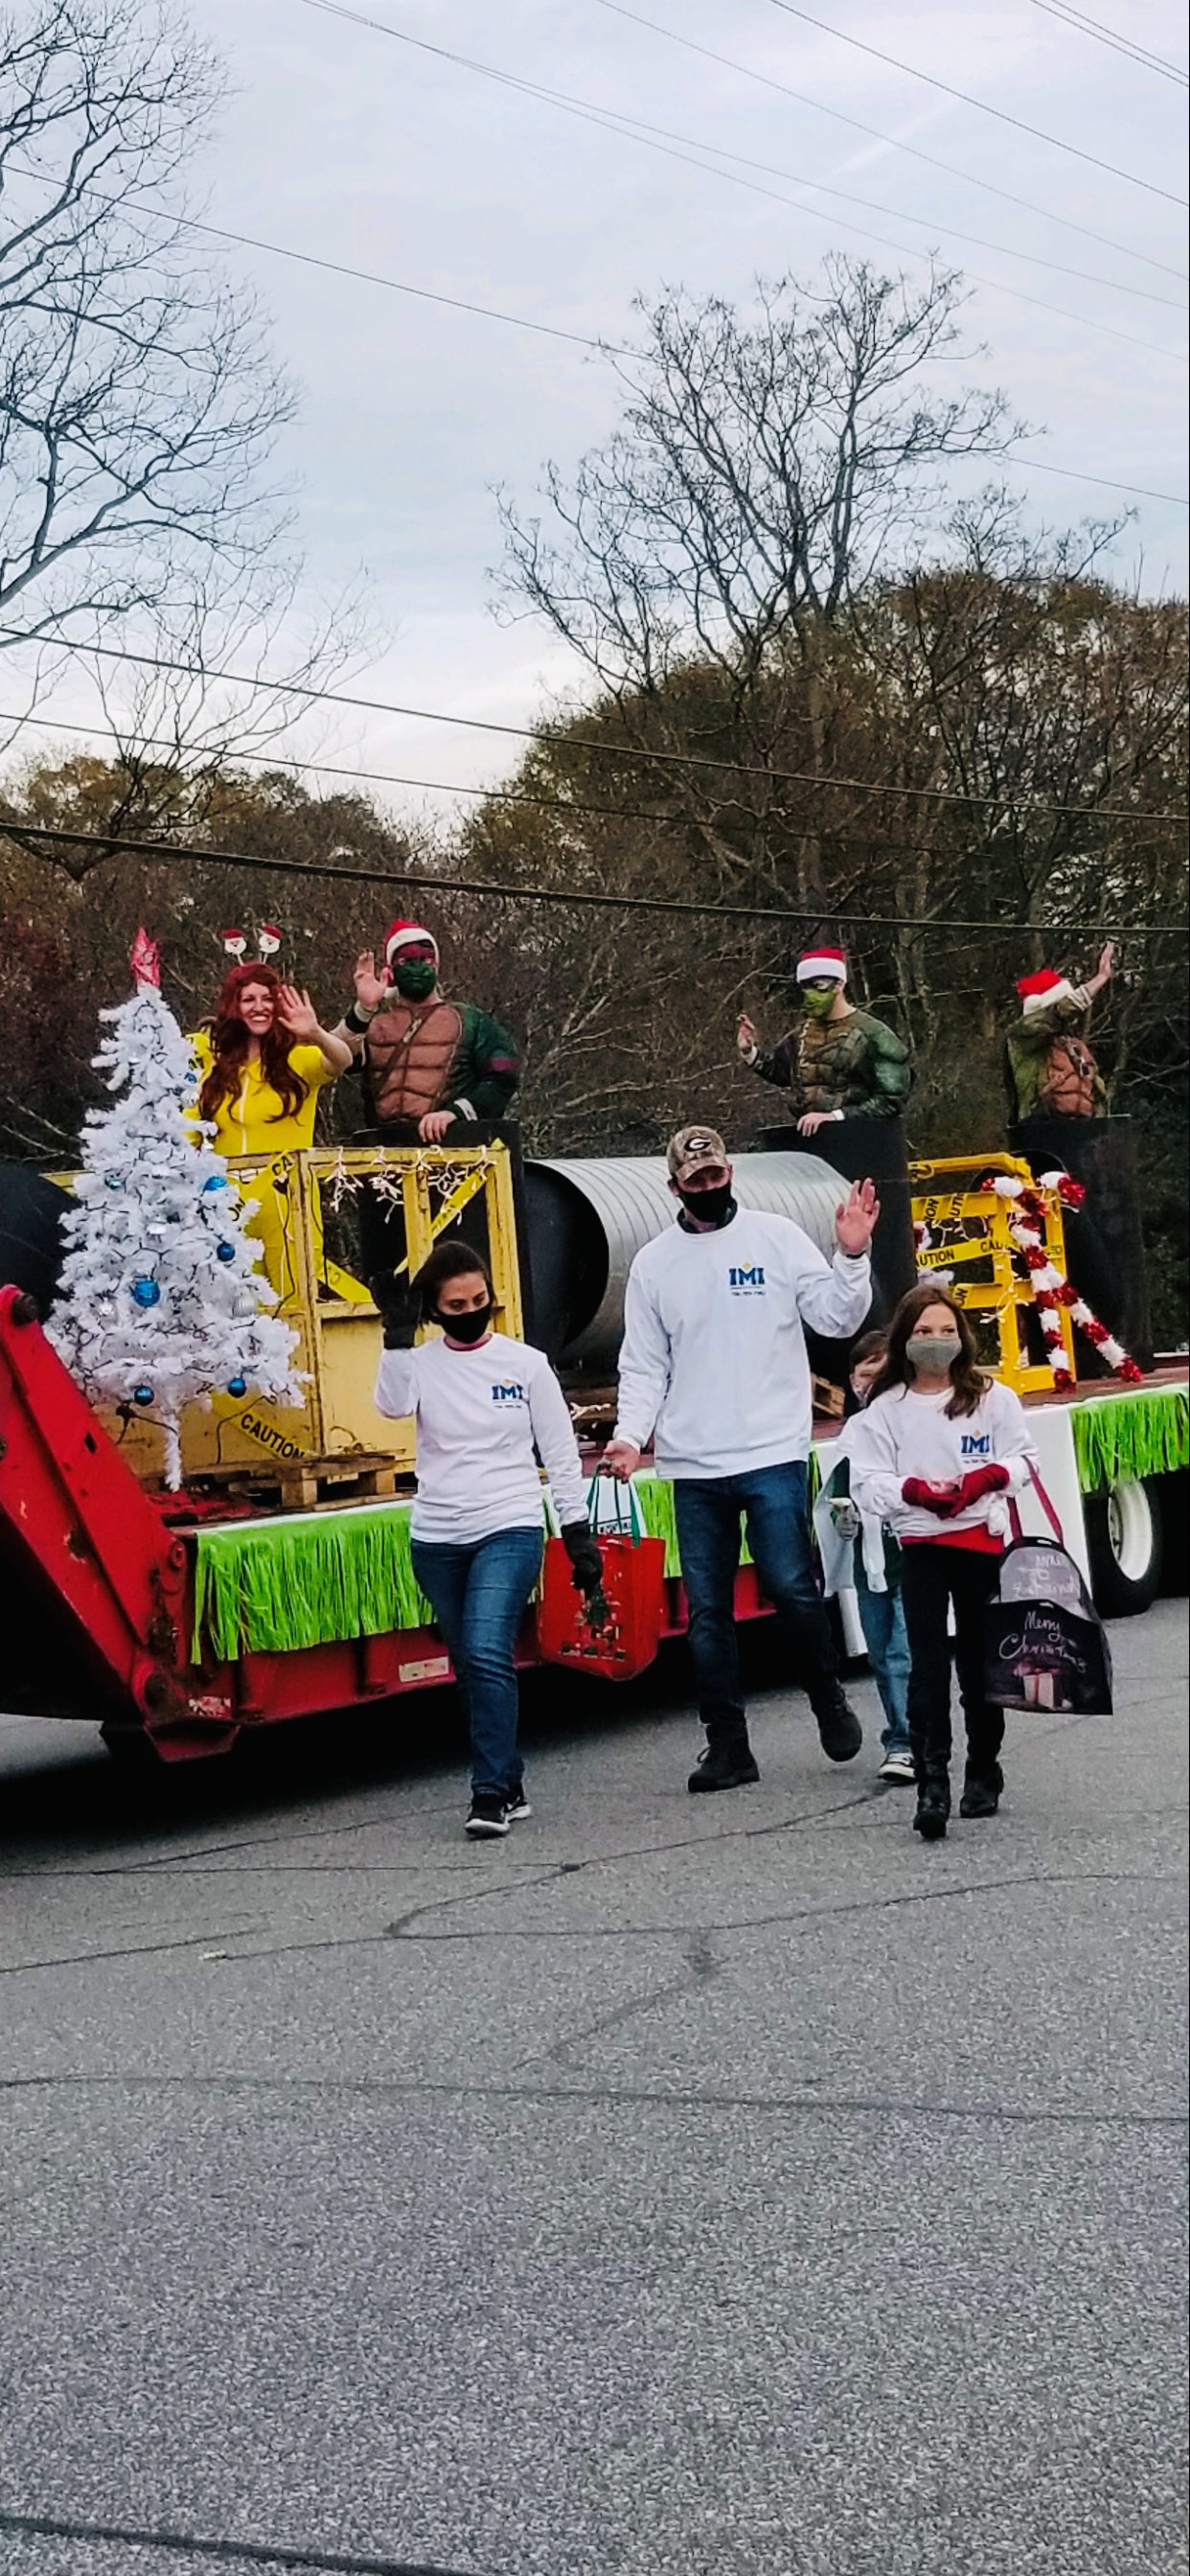 IMI Employees in the Parade
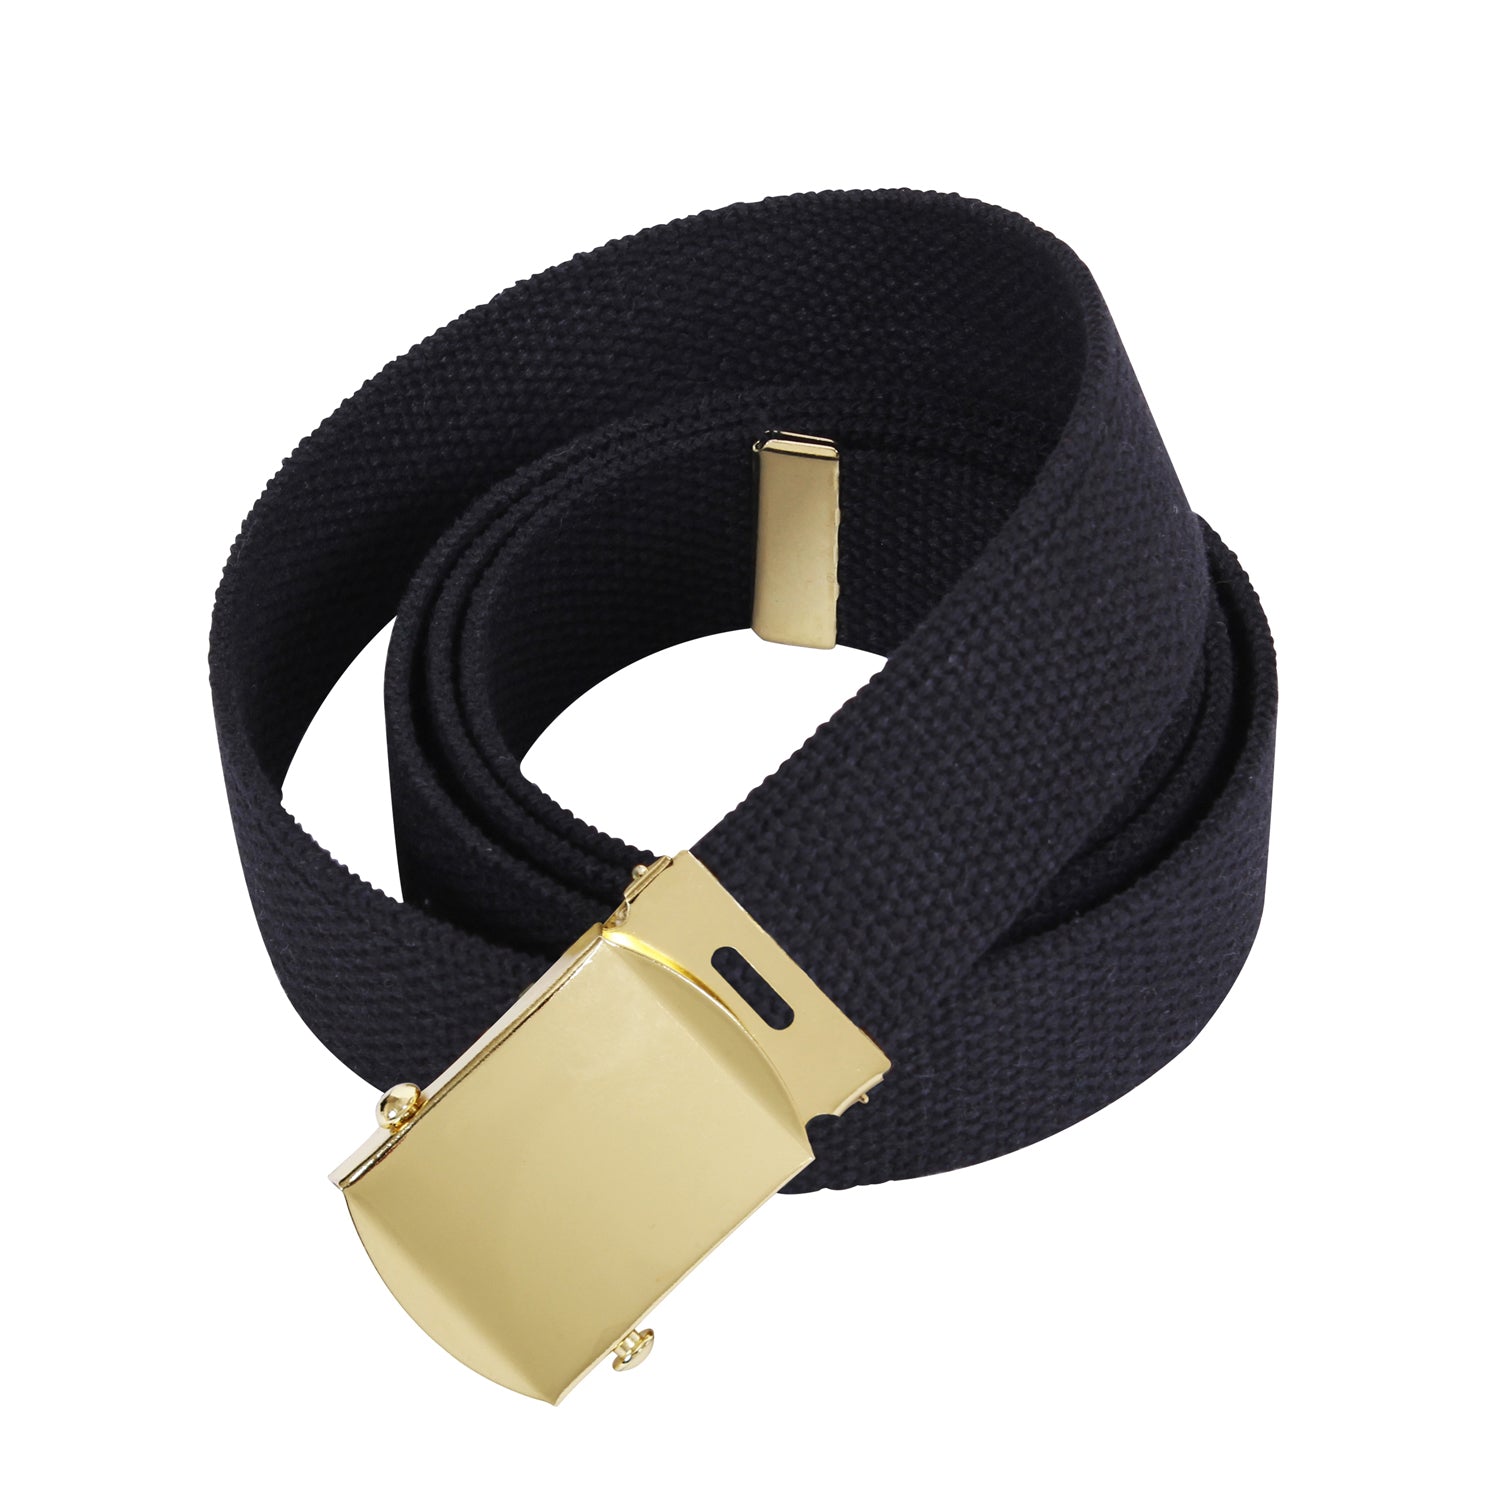 Rothco Web Belts - 54 Inches Long - Tactical Choice Plus
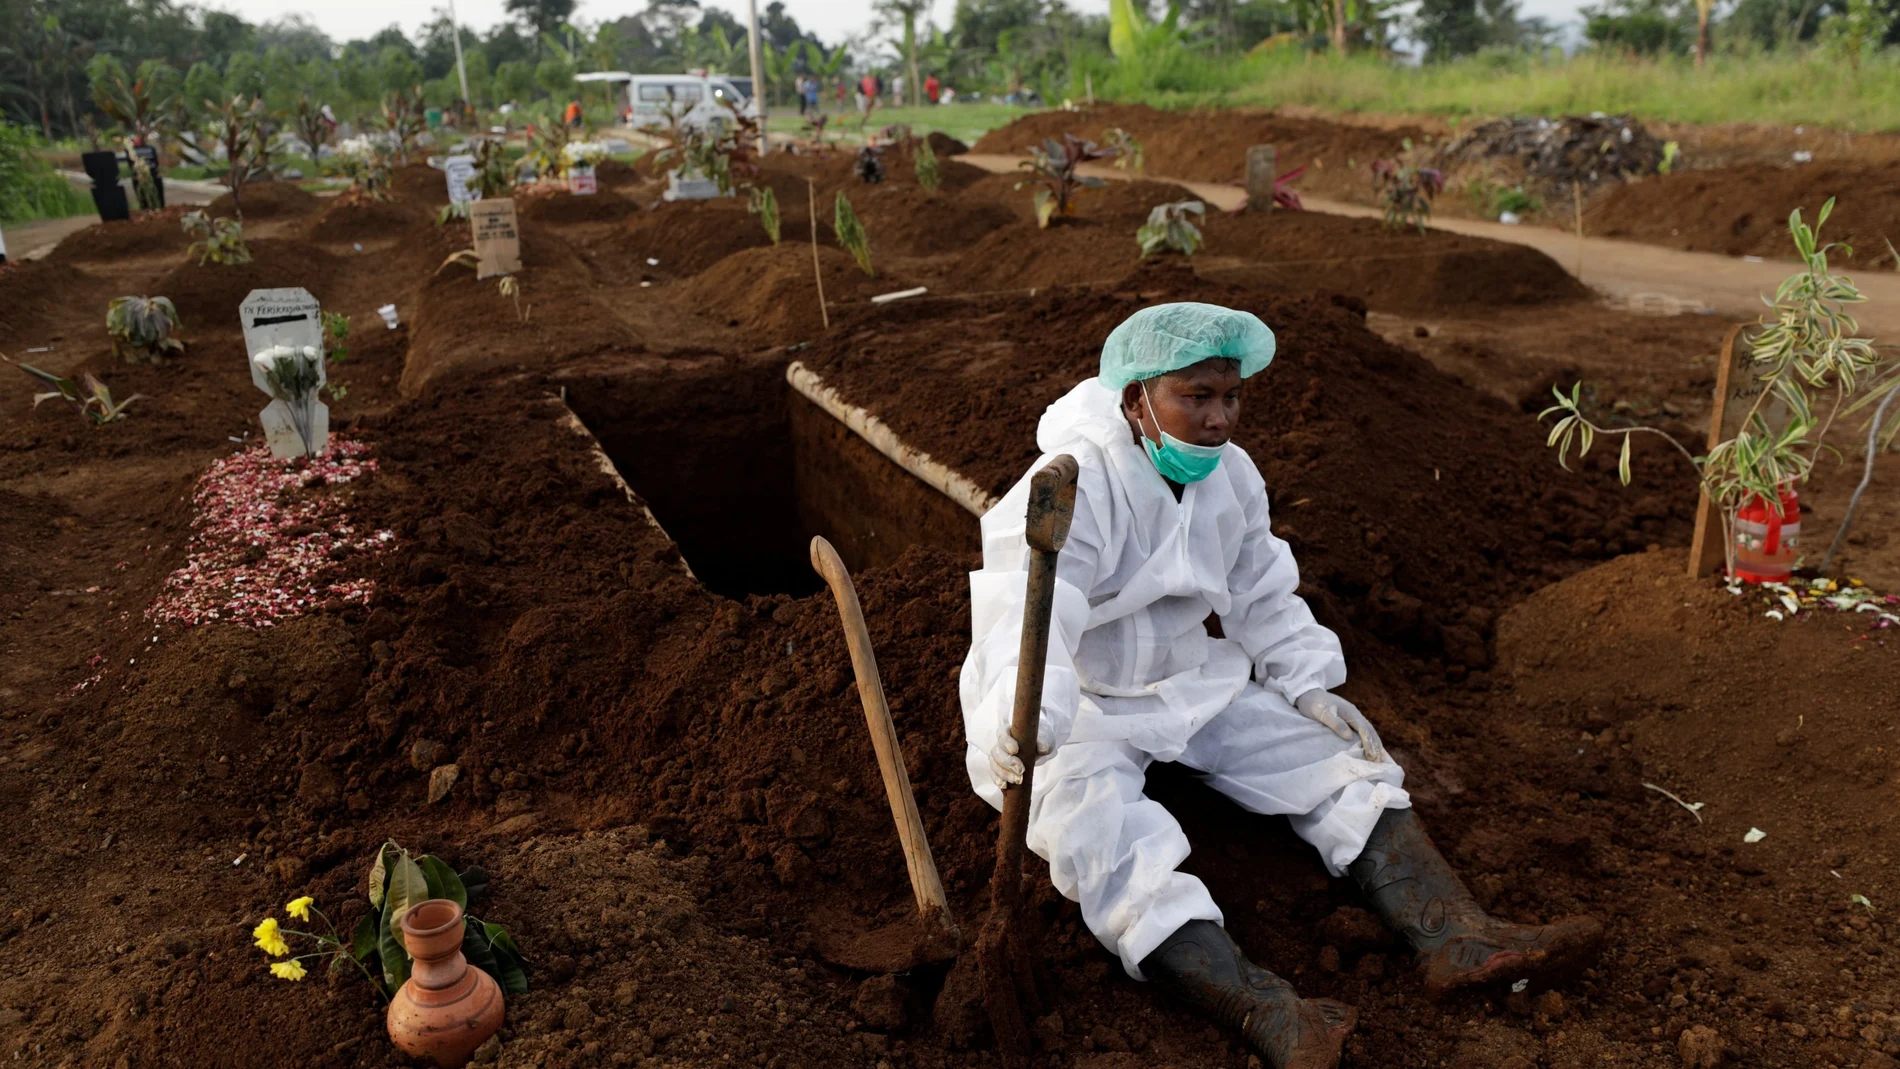 FILE PHOTO: A gravedigger wearing personal protective equipment rests after the burial of 64-year-old Yoyoh Sa'diah who passed away due to complications related to COVID-19 whilst isolating at her home in Bogor, West Java province, Indonesia, July 8, 2021. REUTERS/Willy Kurniawan/File Photo

## Assignment
Line by line, return the listing above exactly, dropping every picture.

## Exercise output
 IMI Employees in the Parade
 Rothco Web Belts - 54 Inches Long - Tactical Choice Plus
 FILE PHOTO: A gravedigger wearing personal protective equipment rests after the burial of 64-year-old Yoyoh Sa'diah who passed away due to complications related to COVID-19 whilst isolating at her home in Bogor, West Java province, Indonesia, July 8, 2021. REUTERS/Willy Kurniawan/File Photo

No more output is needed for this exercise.